Jaa


Transforming Open XML Documents to Flat OPC Format

Transforming Open XML documents using XSLT is an interesting scenario, but before we can do so, we need to convert the Open XML document into the Flat OPC format.  We then perform the XSLT transform, producing a new file in the Flat OPC format, and then convert back to Open XML (OPC) format.  This post is one in a series of four posts that present this approach to transforming Open XML documents using XSLT.  The four posts are:

Transforming Open XML Documents using XSLT

Presents an overview of the transformation process of Open XML documents using XSLT, and why this is important.  Also presents the ‘Hello World’ XSLT transform of an Open XML document.

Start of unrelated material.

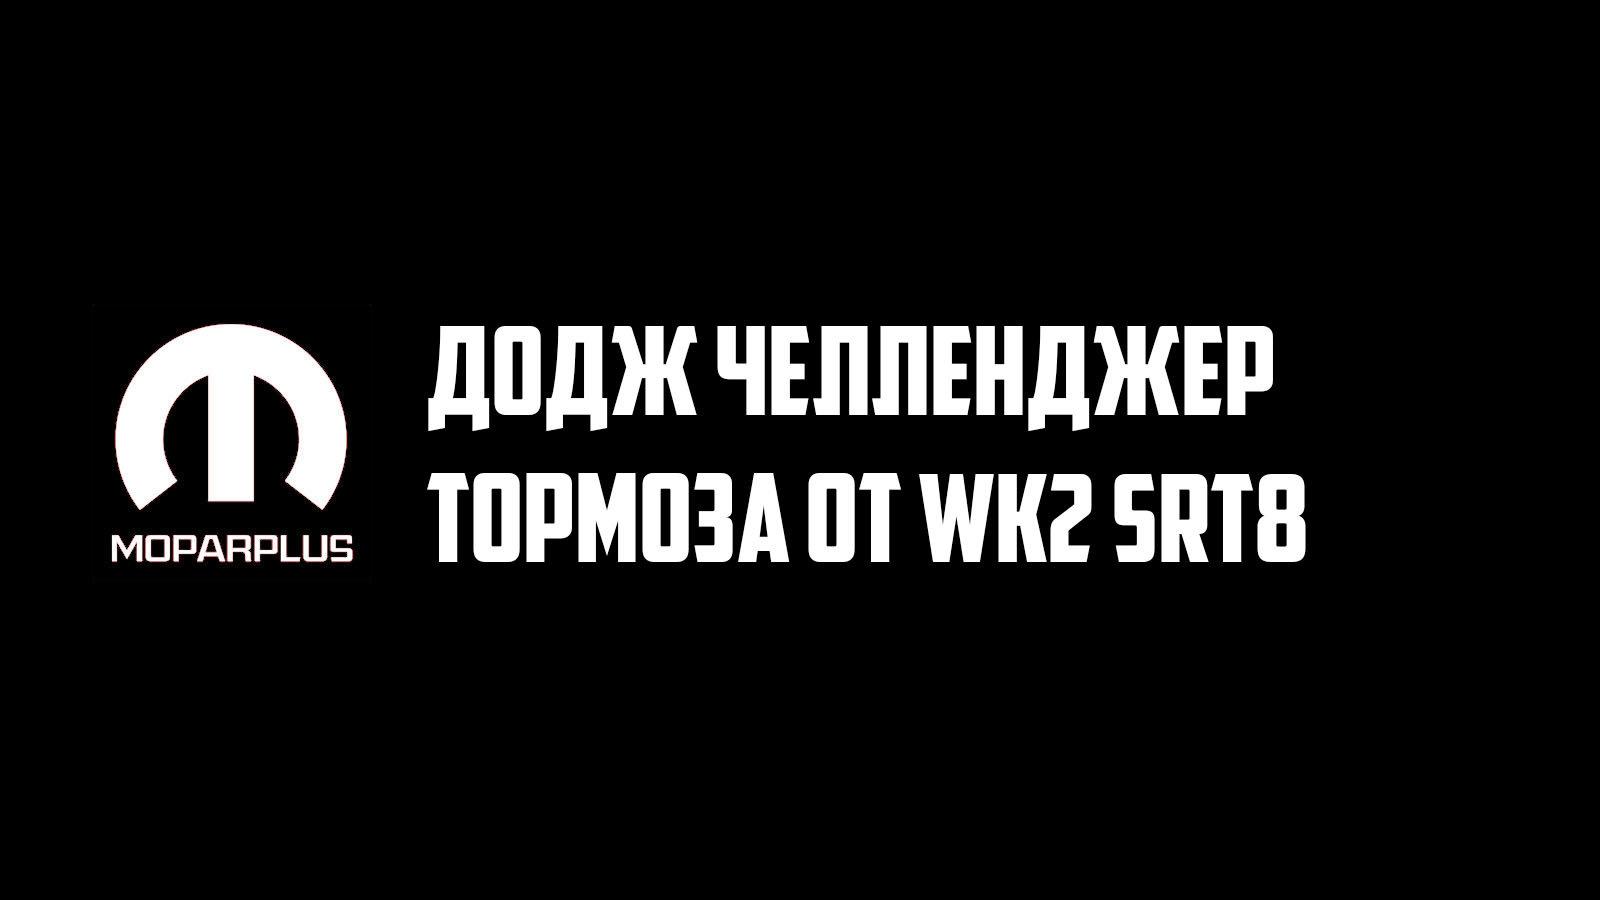 Тормоза WK2 на Челленджере

Transforming Open XML Documents to Flat OPC Format (This Post)

This post describes the process of conversion of an Open XML (OPC) document into a Flat OPC document, and presents the C# function, OpcToFlat.

Transforming Flat OPC Format to Open XML Documents

This post describes the process of conversion of a Flat OPC file back to an Open XML document, and presents the C# function, FlatToOpc.

The Flat OPC Format

Presents a description and examples of the Flat OPC format.

This blog is inactive.
New blog: EricWhite.com/blog

Blog TOCAbout the Code

The code presented in this post uses LINQ to XML and System.IO.Packaging to perform the conversion to Flat OPC.

The signature of the function to convert from an Open XML document to Flat OPC is:

static XDocument OpcToFlatOpc(string path);

You pass as an argument the path to the Open XML document.  The method returns an XDocument object, which you can then modify as necessary, transform using XSLT, serialize to the standard output, or save to a file.

The code to convert a binary part to a base 64 string uses the System.Convert.ToBase64String method.  The base 64 string needs to be broken up into lines of 76 characters (see The Flat OPC Format for more detail).  The code uses the technique described in Chunking a Collection into Groups of Three to do the chunking.

If you are not familiar with this style of programming, I recommend that you read this Functional Programming Tutorial.

The conversion code adds the appropriate XML processing instruction to the resulting Flat OPC XML document based on the filename of the source Open XML document.  If the source document has the .docx extension, then the code adds the XML processing instruction for Word.  If the source document has the .pptx extension, then the code adds the XML processing instruction for PowerPoint.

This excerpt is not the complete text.